# REQUIRED WORK:
From the first line to the last, repeat the records exactly and skip the pictures.

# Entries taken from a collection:

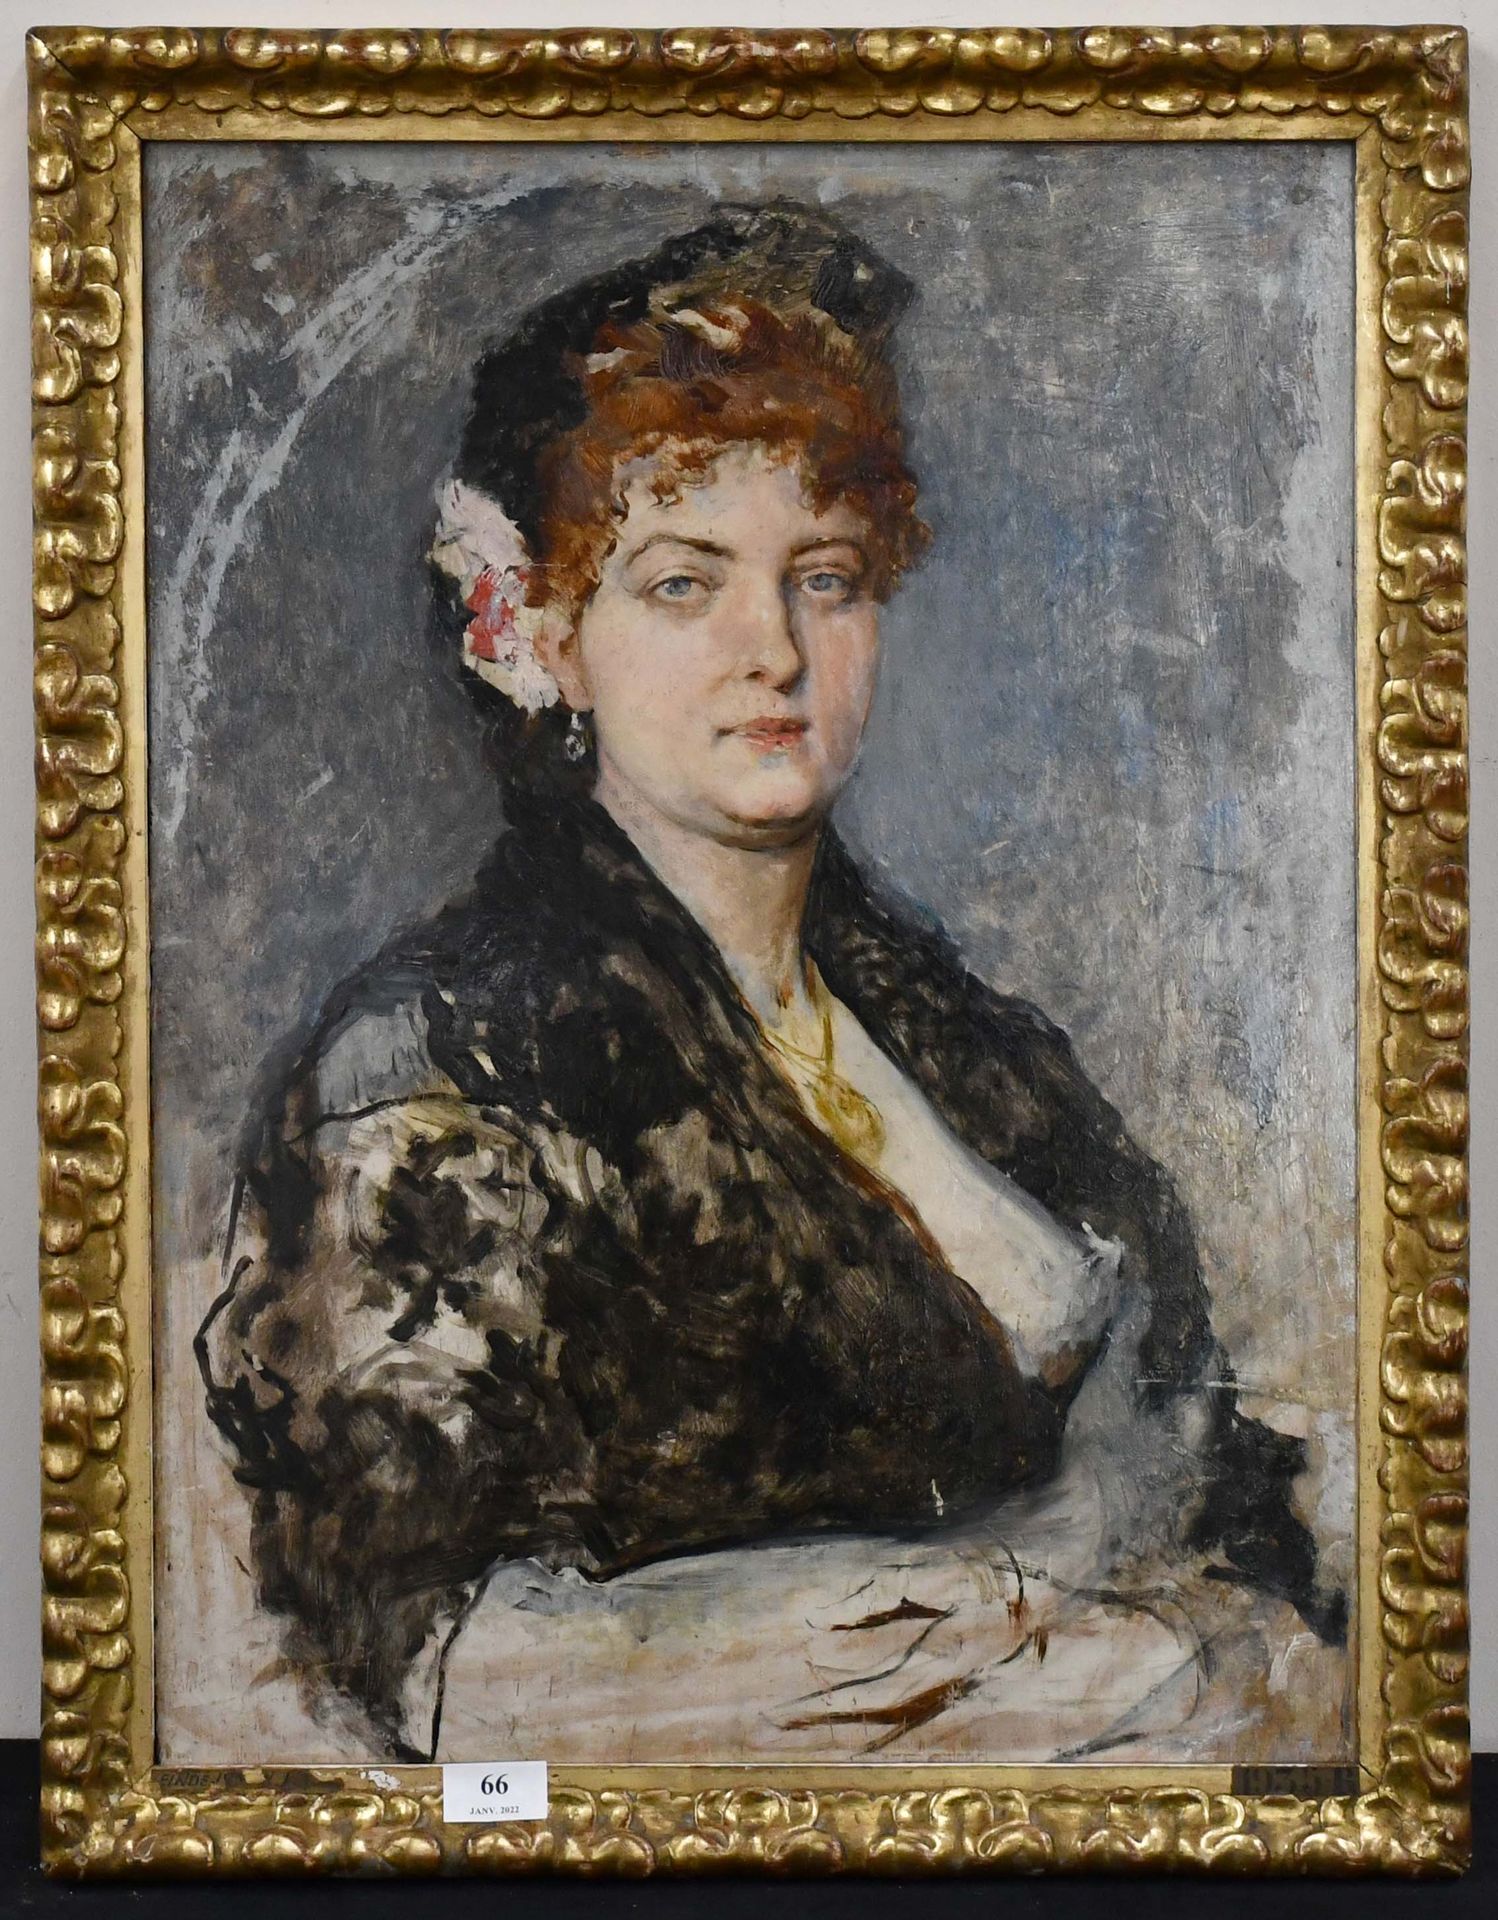 Null 归属于阿德里安-杜帕涅的作品

油画："优雅女士的肖像"。无符号。

尺寸：60厘米×44厘米。
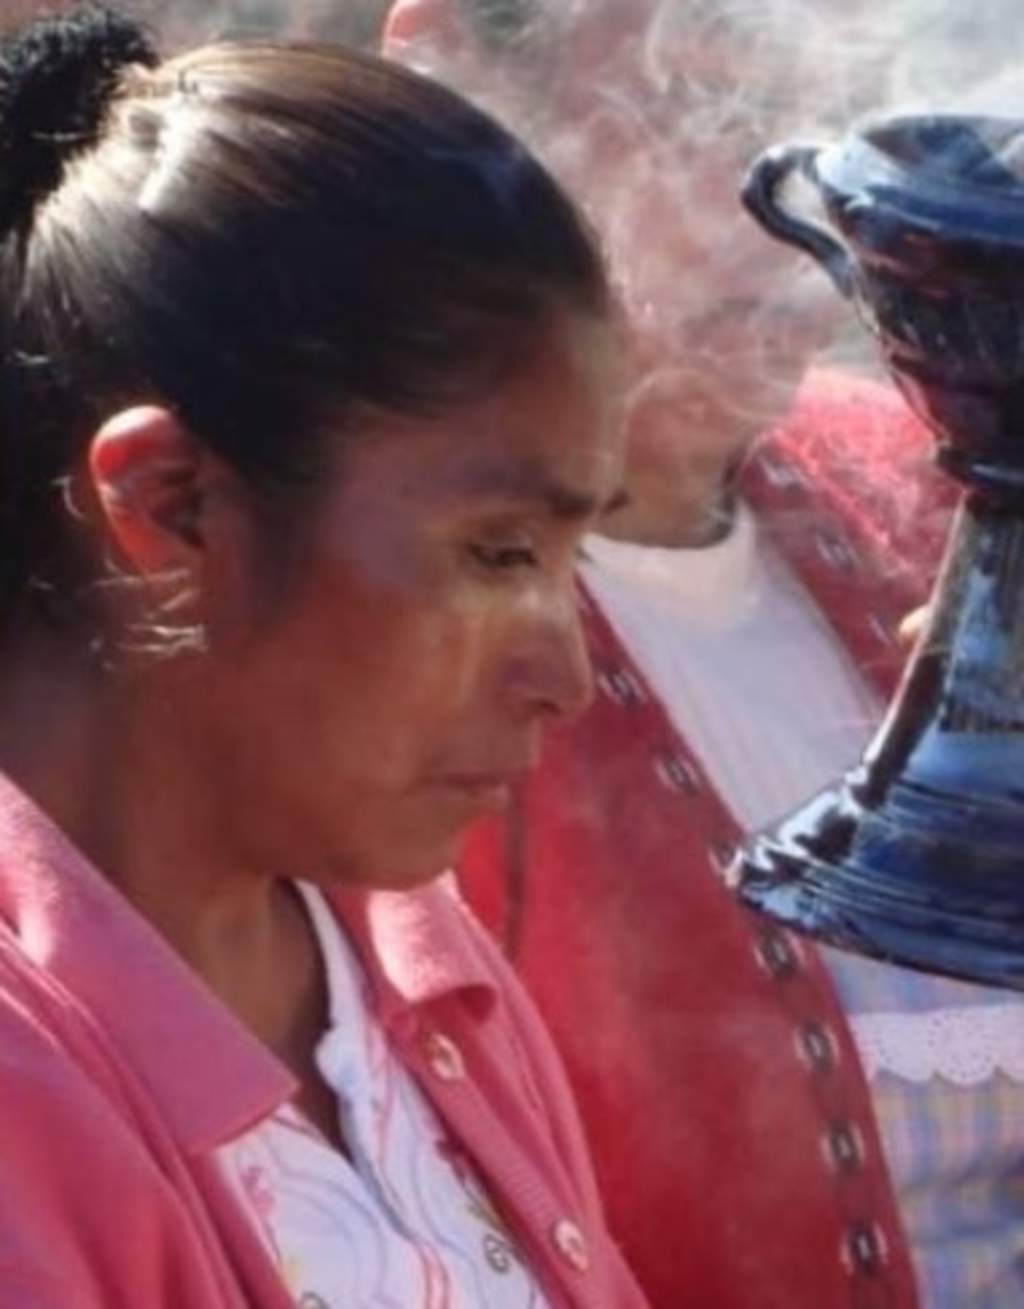 La Comisión Nacional de los Derechos Humanos (CNDH) solicitó a diversas autoridades del Estado de México que implementen medidas cautelares para proteger a familiares de la lideresa indígena Eulogia Lilia Díaz Ortiz, asesinada recientemente. (FACEBOOK)
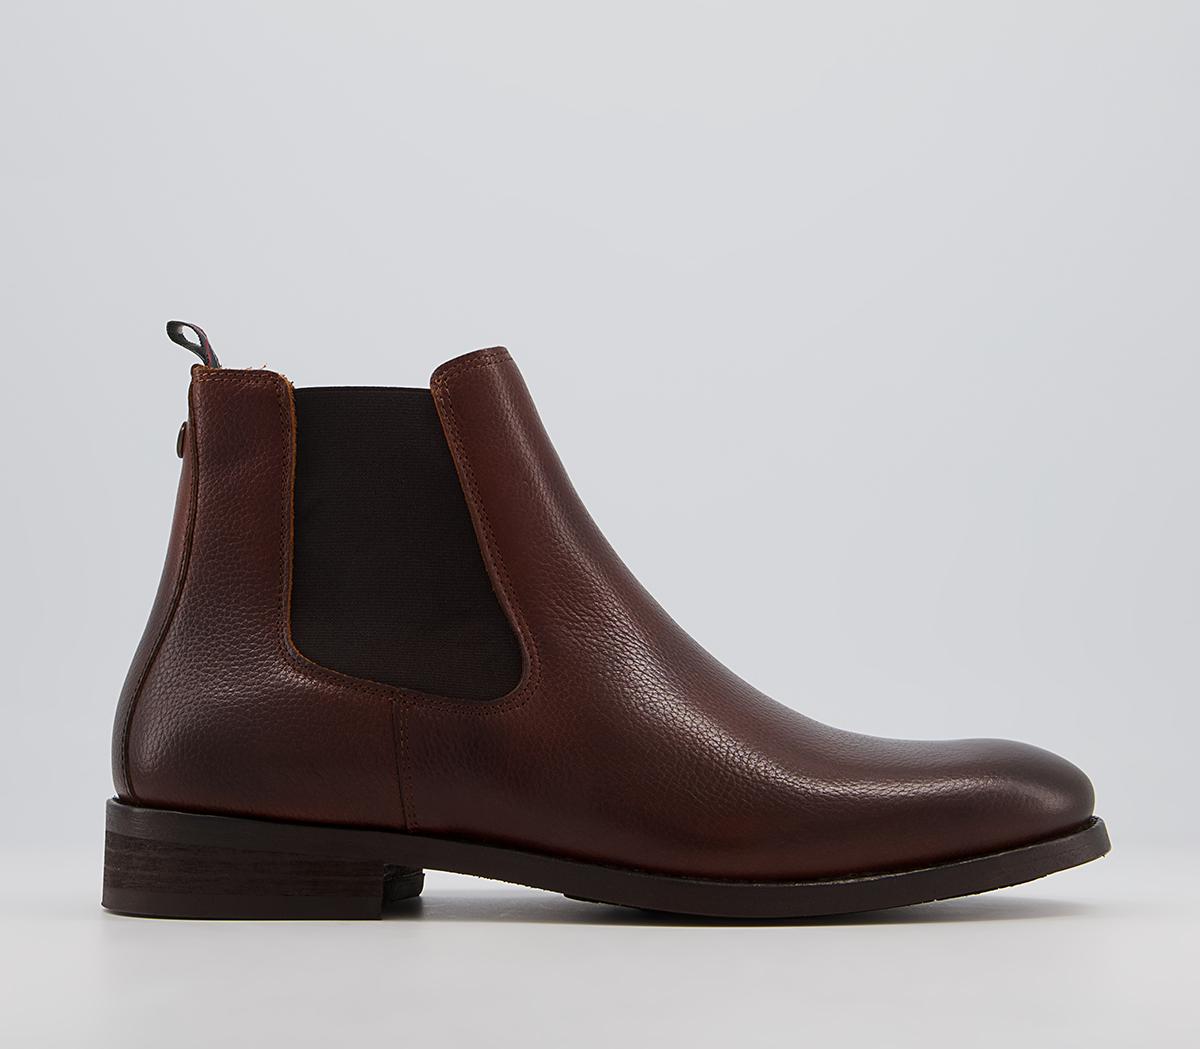 Barbour Bedlington Chelsea Boots Chestnut Grain - Men’s Boots

# TASK OUTPUT:
 Null 归属于阿德里安-杜帕涅的作品

油画："优雅女士的肖像"。无符号。

尺寸：60厘米×44厘米。
 La Comisión Nacional de los Derechos Humanos (CNDH) solicitó a diversas autoridades del Estado de México que implementen medidas cautelares para proteger a familiares de la lideresa indígena Eulogia Lilia Díaz Ortiz, asesinada recientemente. (FACEBOOK)
 Barbour Bedlington Chelsea Boots Chestnut Grain - Men’s Boots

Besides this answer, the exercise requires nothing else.